Frogs, we have been taught for decades, cannot see anything that isn't about
the size and shape of and moving like a mosquito. If humans have a similar
blind spot, it would be for randomness. We persist in finding patterns
where elaborate mathematical analysis can prove there are none, and we fail
to notice others which are right in our faces. Yet unlike the frogs, which
sensibly hang out where there are bugs it can see, humans can't get enough
of this blind spot. We go to casinos by the million, deliberately engage
in all kinds of rituals, and seek out random things to interpret as if
they are somehow meaningful. These experiences are so fulfilling that people
regularly destroy themselves in various ways seeking them out.
Scientists decry this kind of activity and their arguments make a lot of
sense; but to someone who has had an extraordinary experience, someone else
who has sensibly avoided the extraordinary situation has no credibility.
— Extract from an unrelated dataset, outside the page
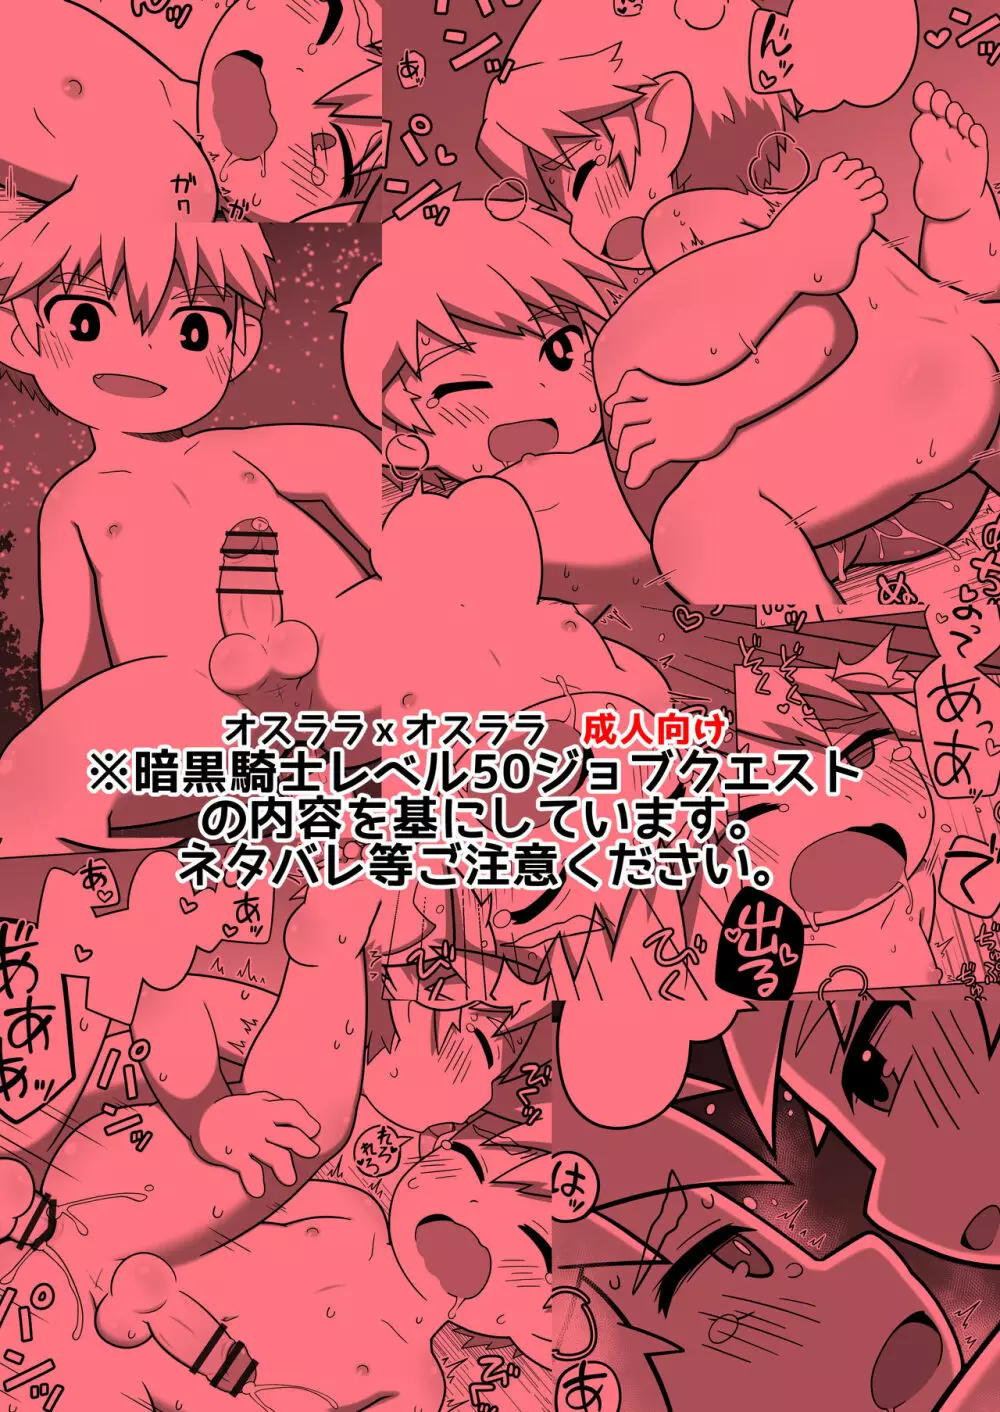 Chikugiri - オスララのスケベ漫画 + extras - page1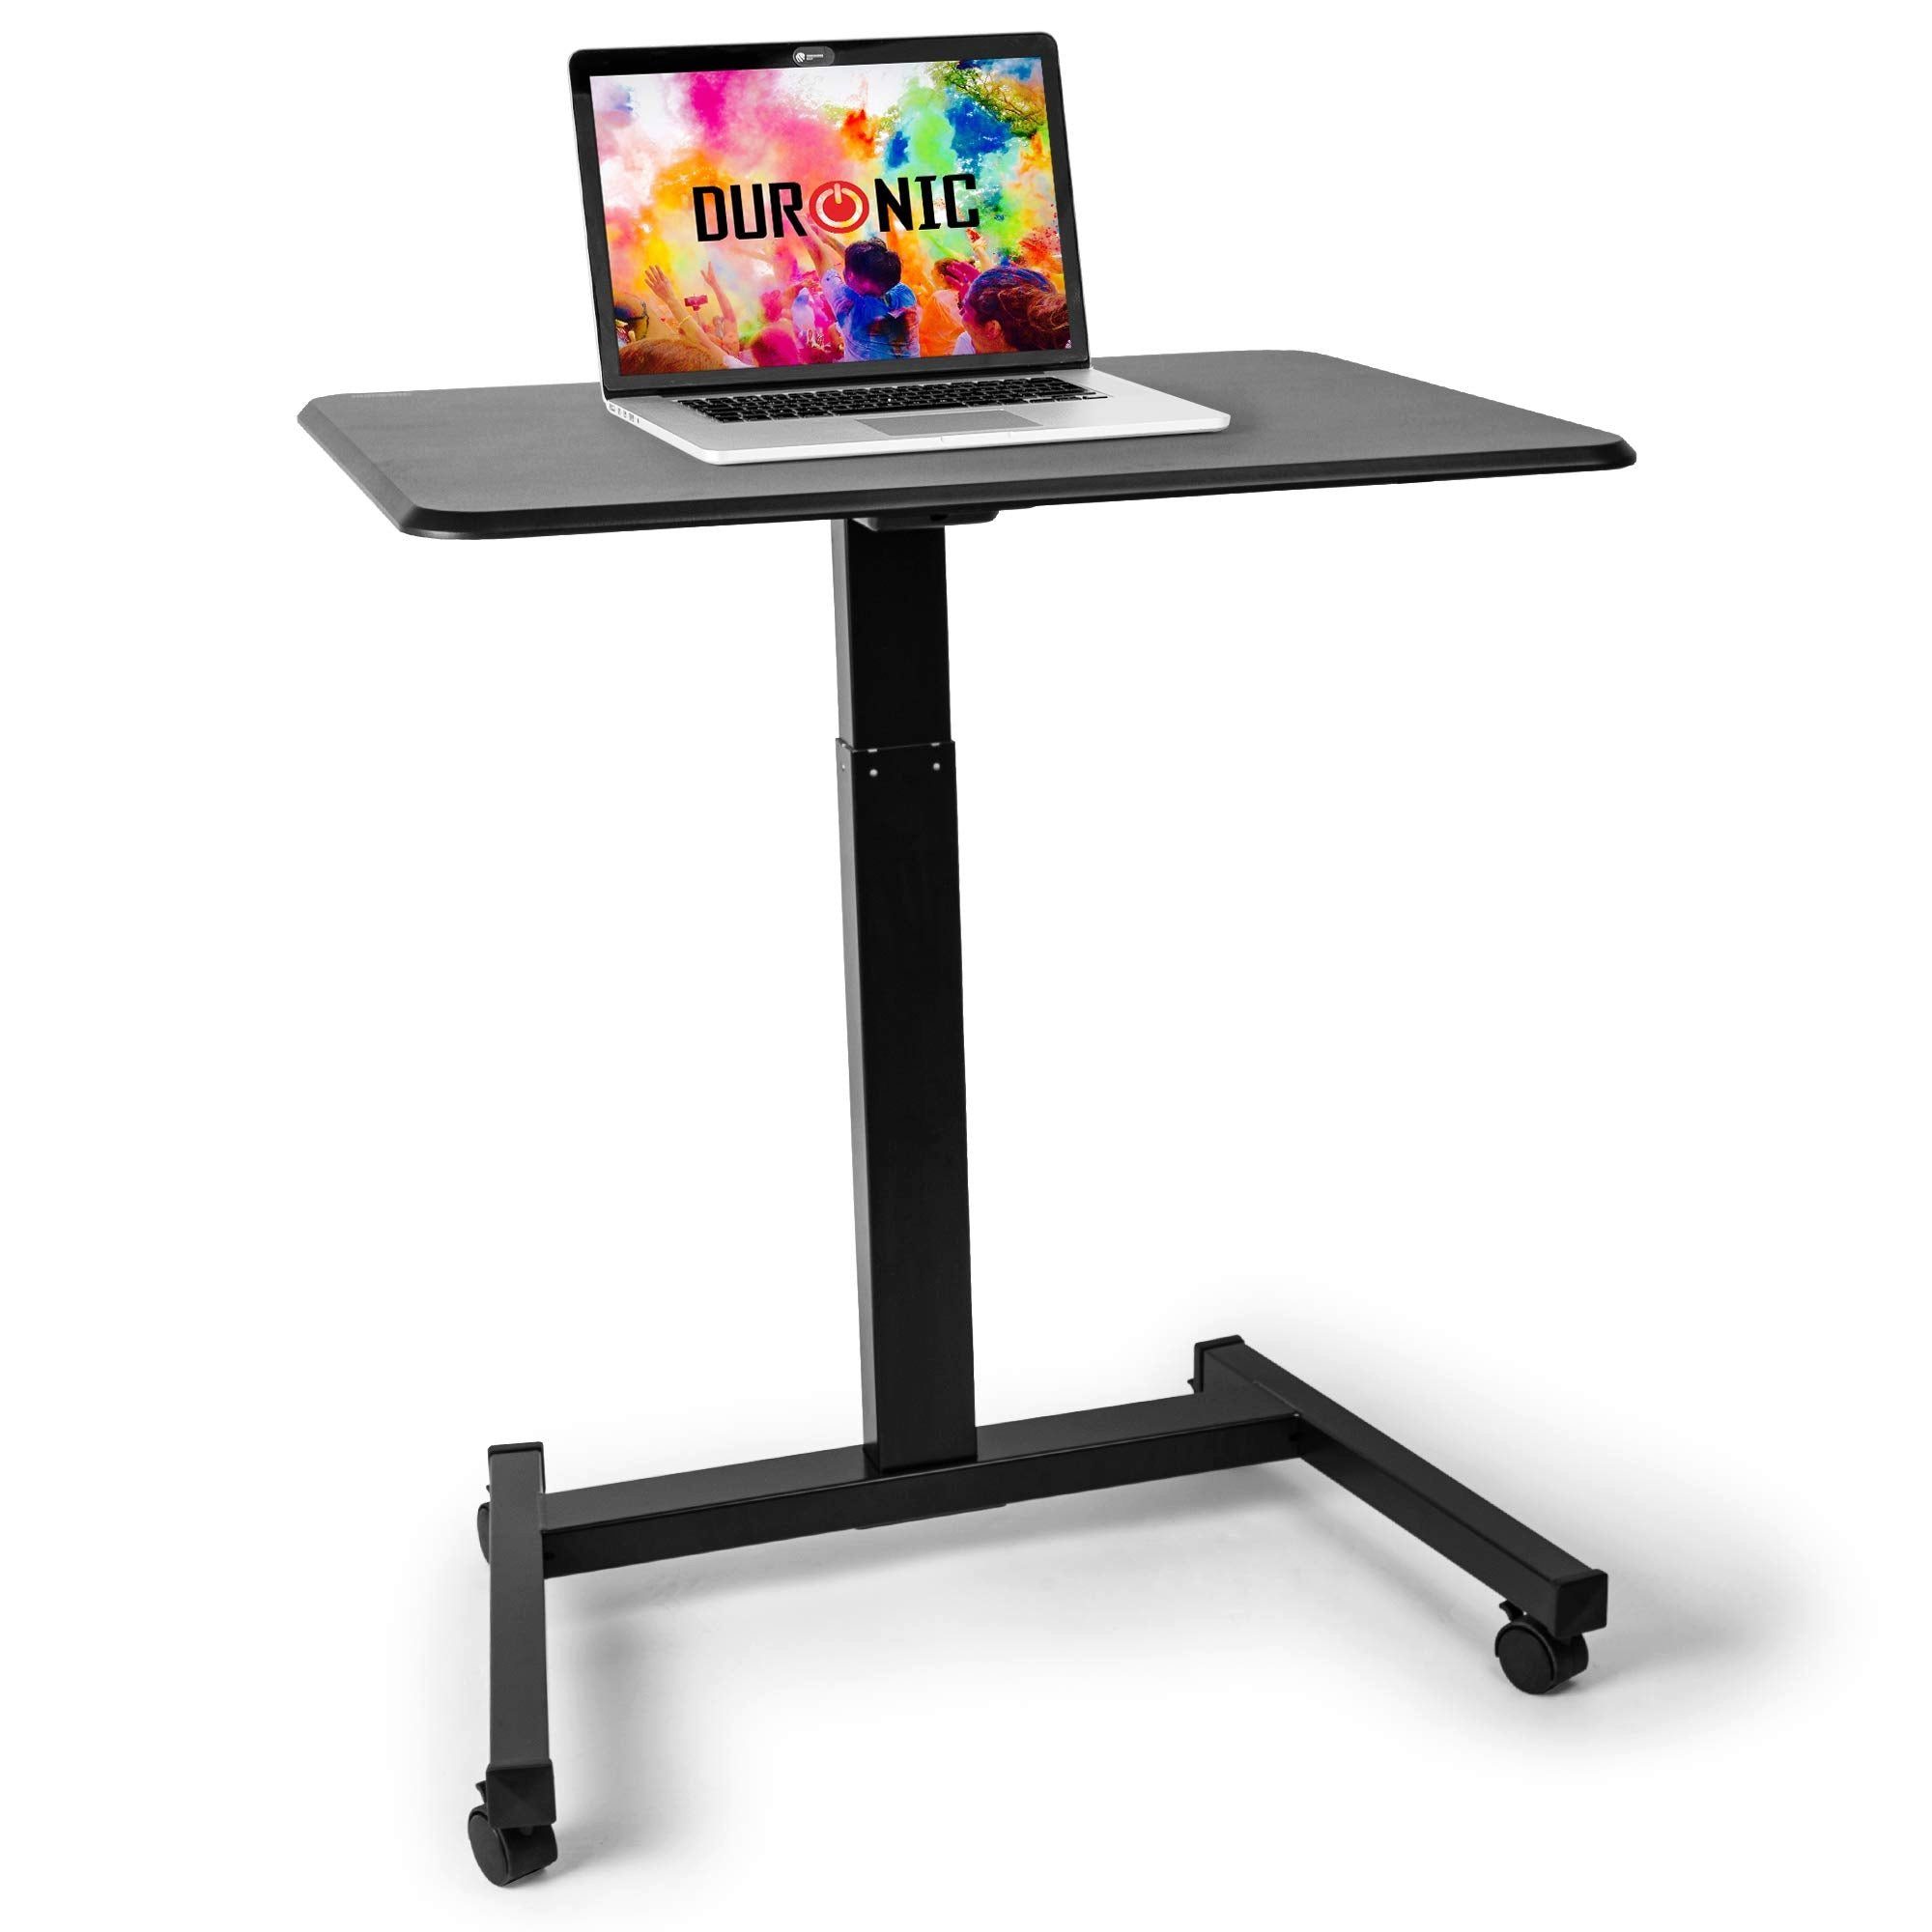 Duronic Laptoptisch, WPS47 Arbeitstisch, Laptoptisch 80 x 50 cm bis 30 kg,  Computertisch mit Rollen, Höhenverstellbarer Projektortisch für Beamer,  Sitz-Stehtisch Schreibtisch Rolltisch Beistelltisch Sofatisch

And scientists who enter these situations with open minds tend to come out
saying things that ruin their reputations with other scientists. Think of
Wilhelm Reich, or Timothy Leary.
In the end, whatever extraordinary things are accomplished by the Scientific
Method, and whatever extraordinary things are experienced by people who
are willing to experiment with other techniques, the question of whether
the Universe is consistent may not be answerable. We may be able to say
reliably that either we are all crazy or the Universe is crazy, but not,
with any certainty, which of those two statements is the one on which to depend.